*** Opening Data excerpt ***

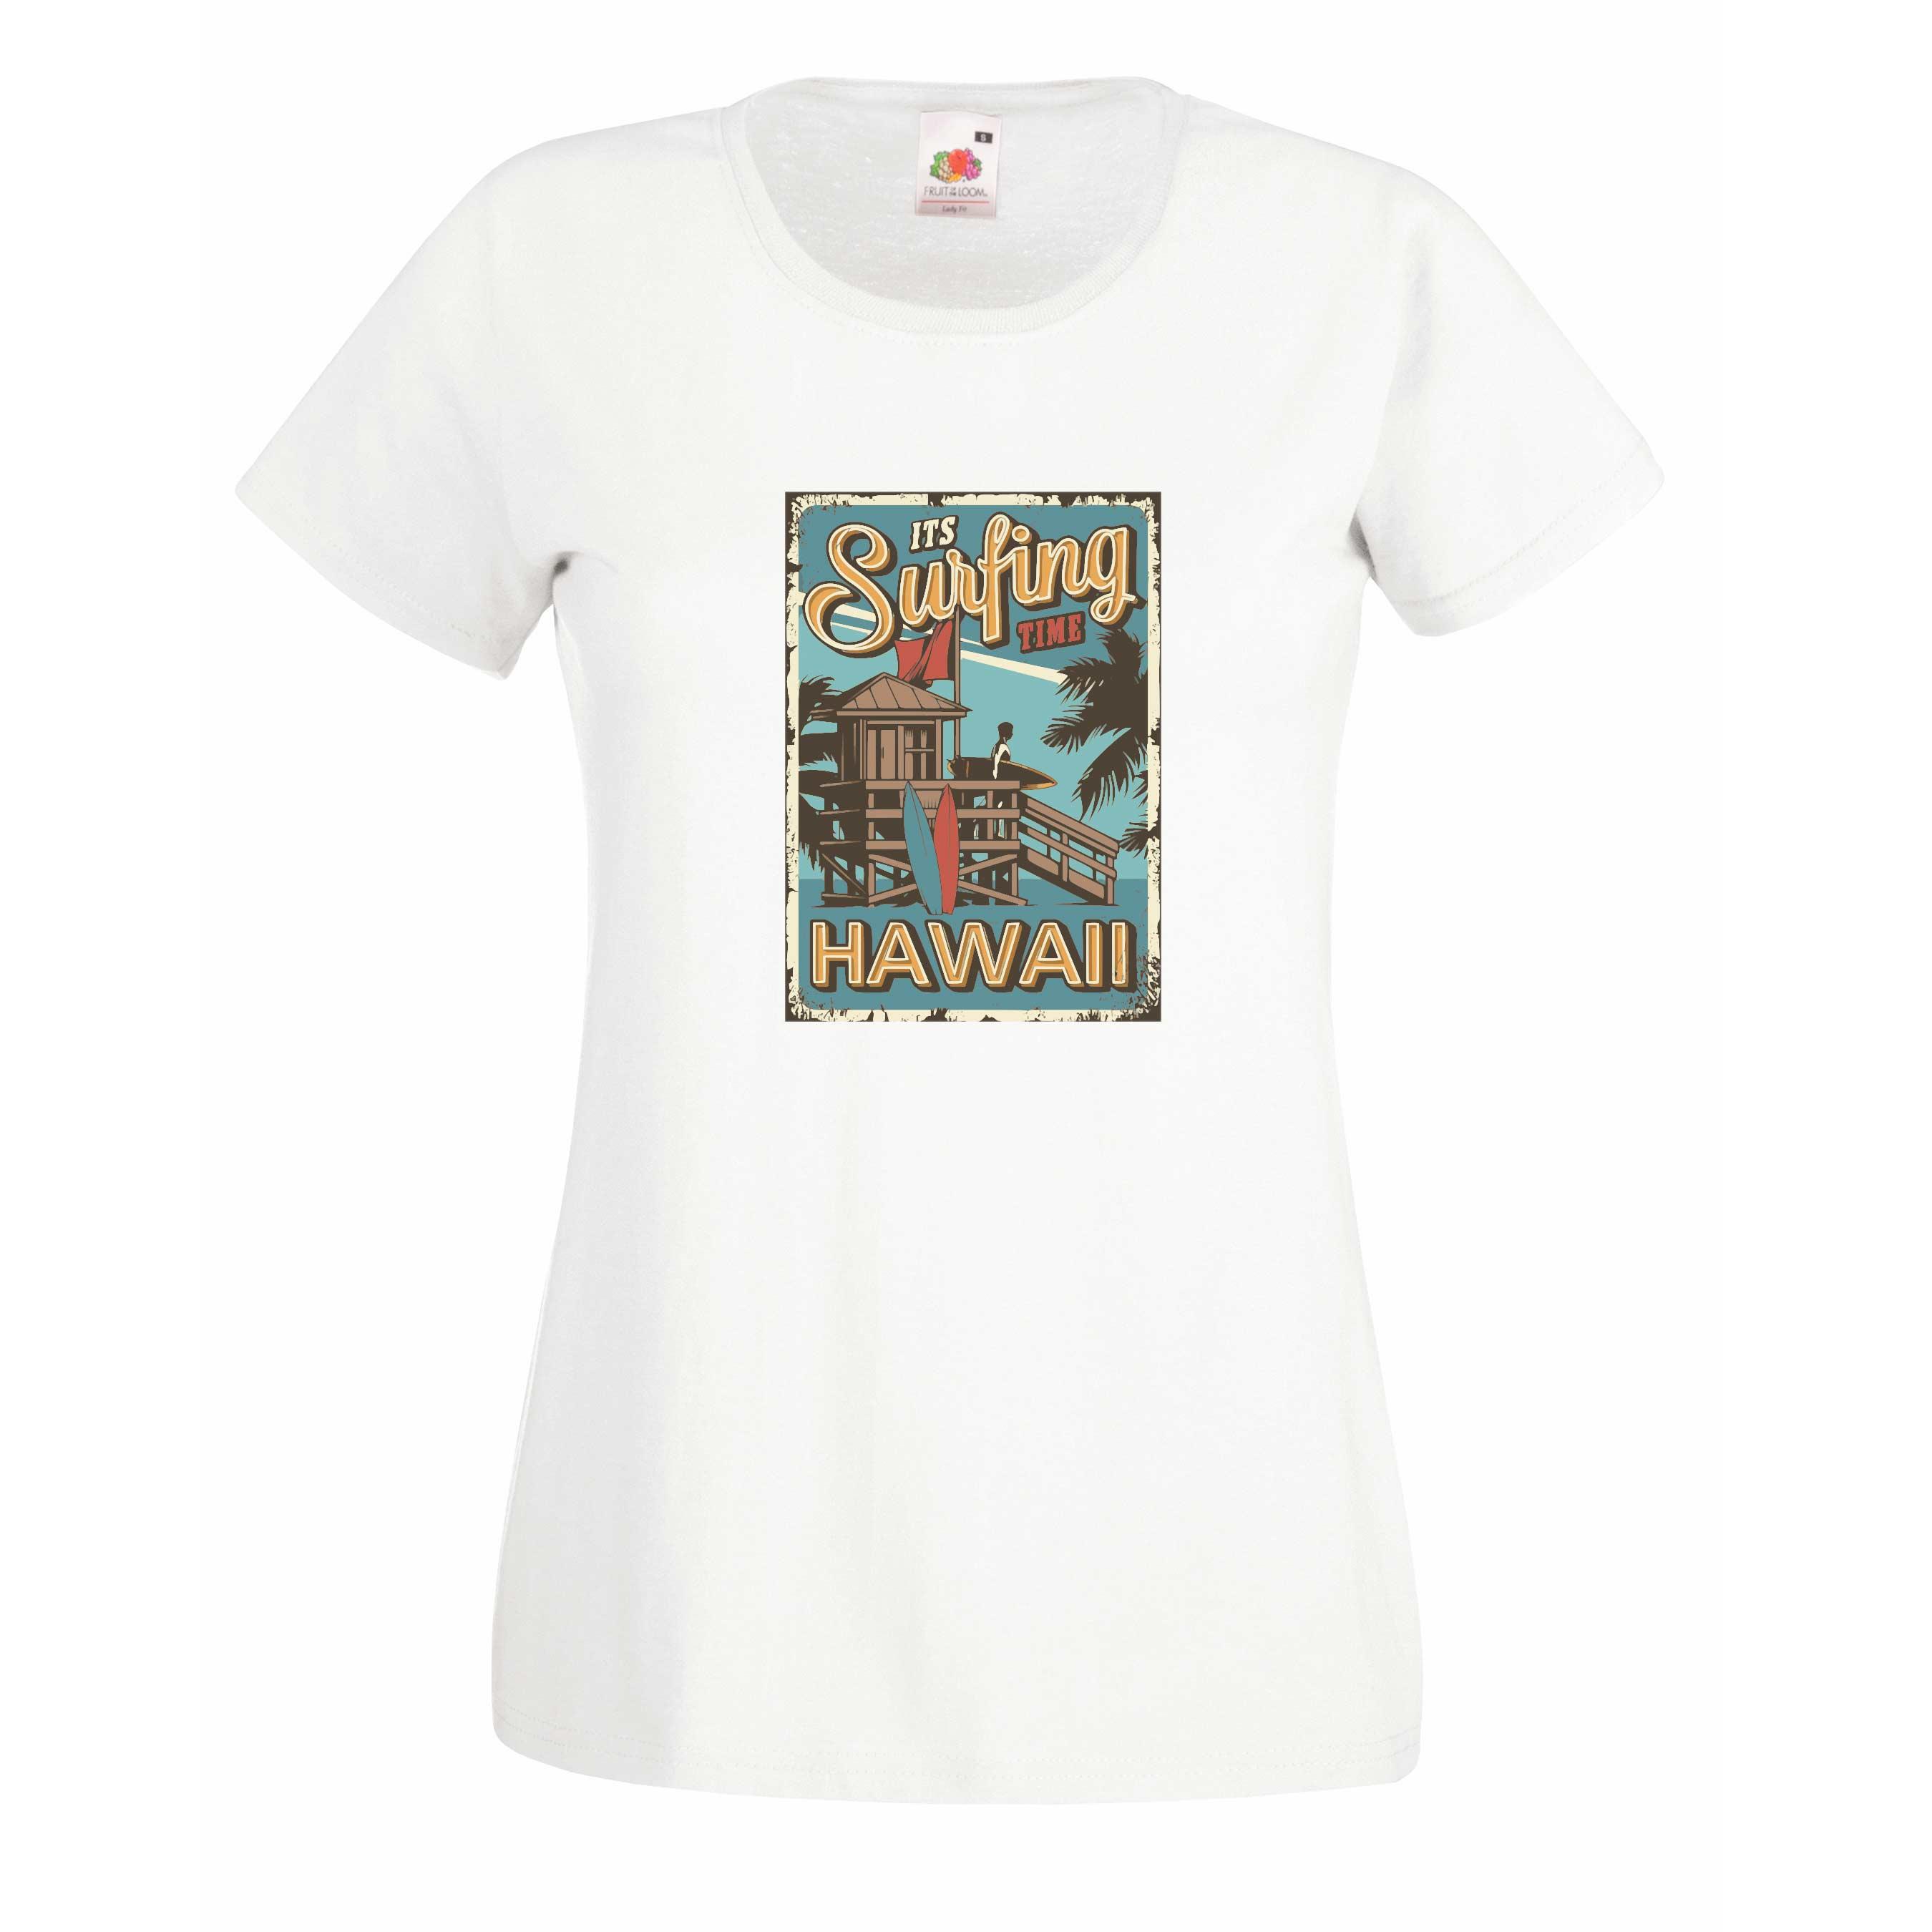 Surfing Time design for t-shirt, hoodie & sweatshirt
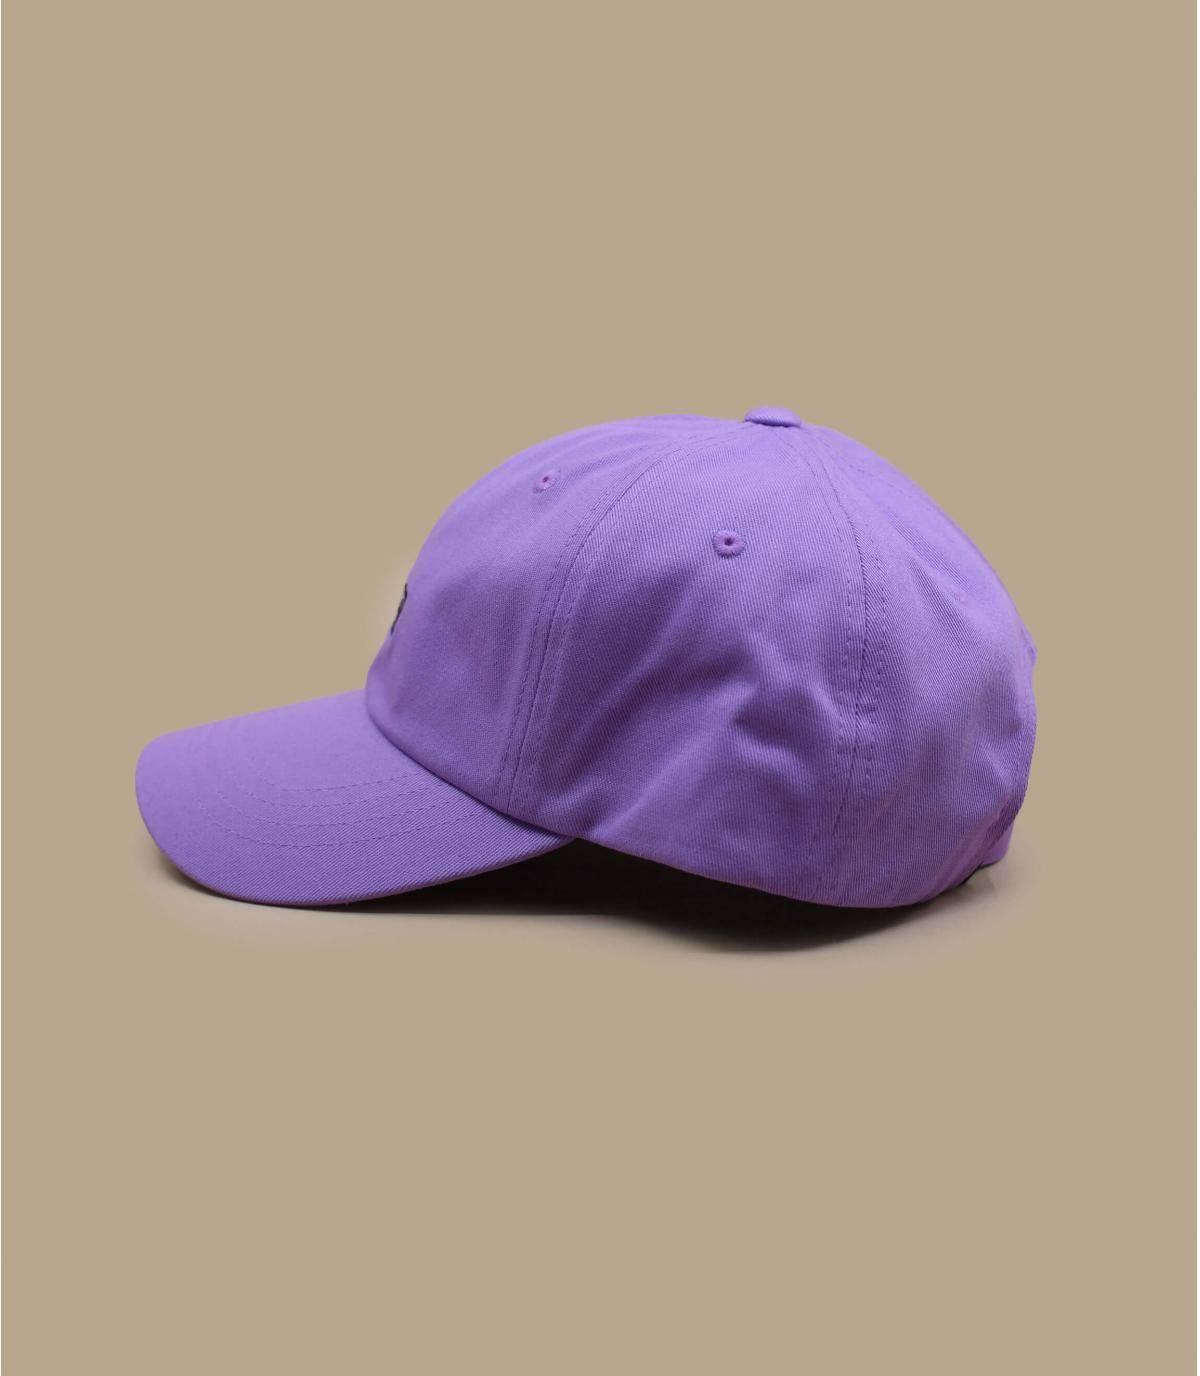 Détails Dad Hat wmn Drop V II english lavendar - image 3
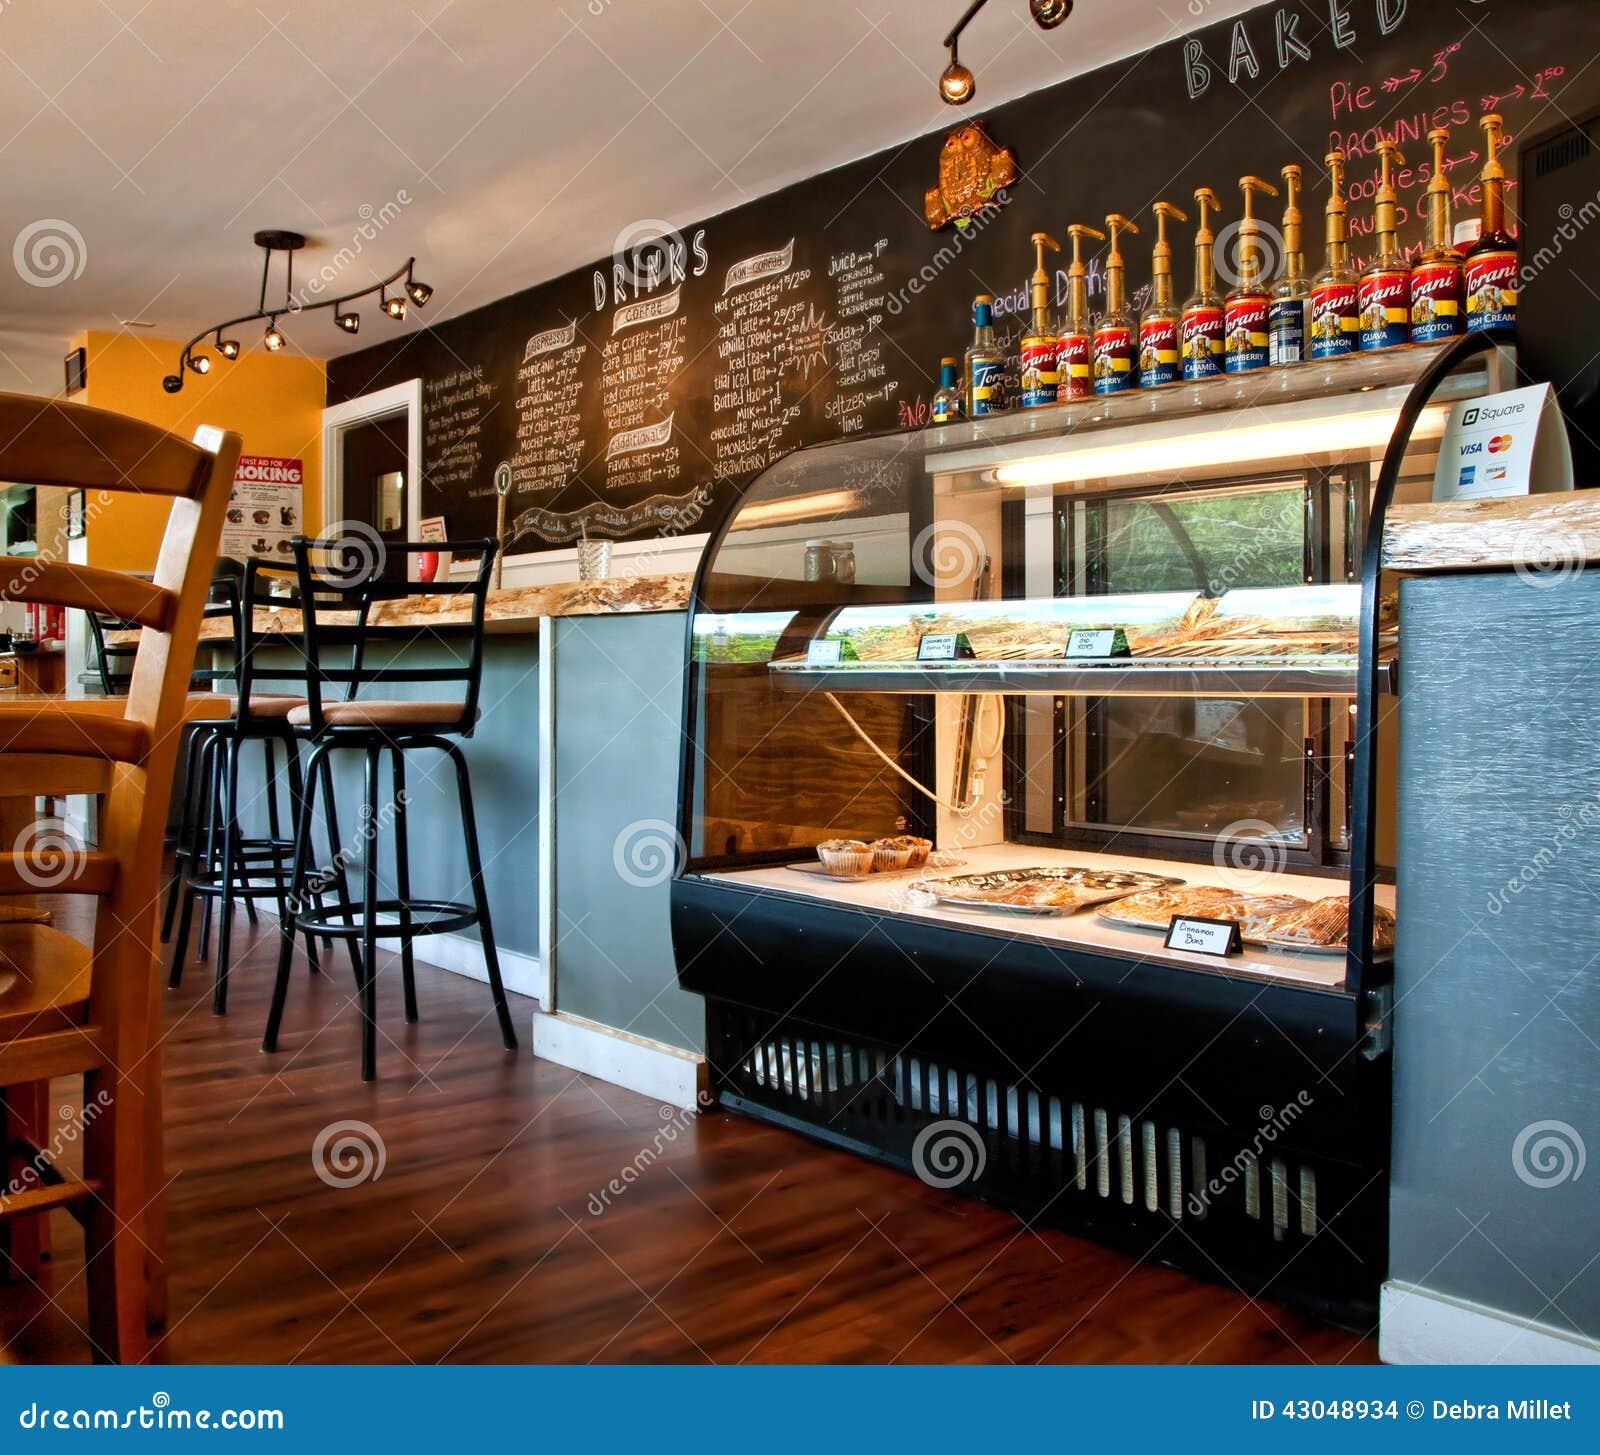 Dreams Cafe And Bar

*** Closing Data excerpt ***

Your objective. Give back every line of the material above word for word, leaving out the pictures.

Task response.
 Surfing Time design for t-shirt, hoodie & sweatshirt
 Détails Dad Hat wmn Drop V II english lavendar - image 3
 Dreams Cafe And Bar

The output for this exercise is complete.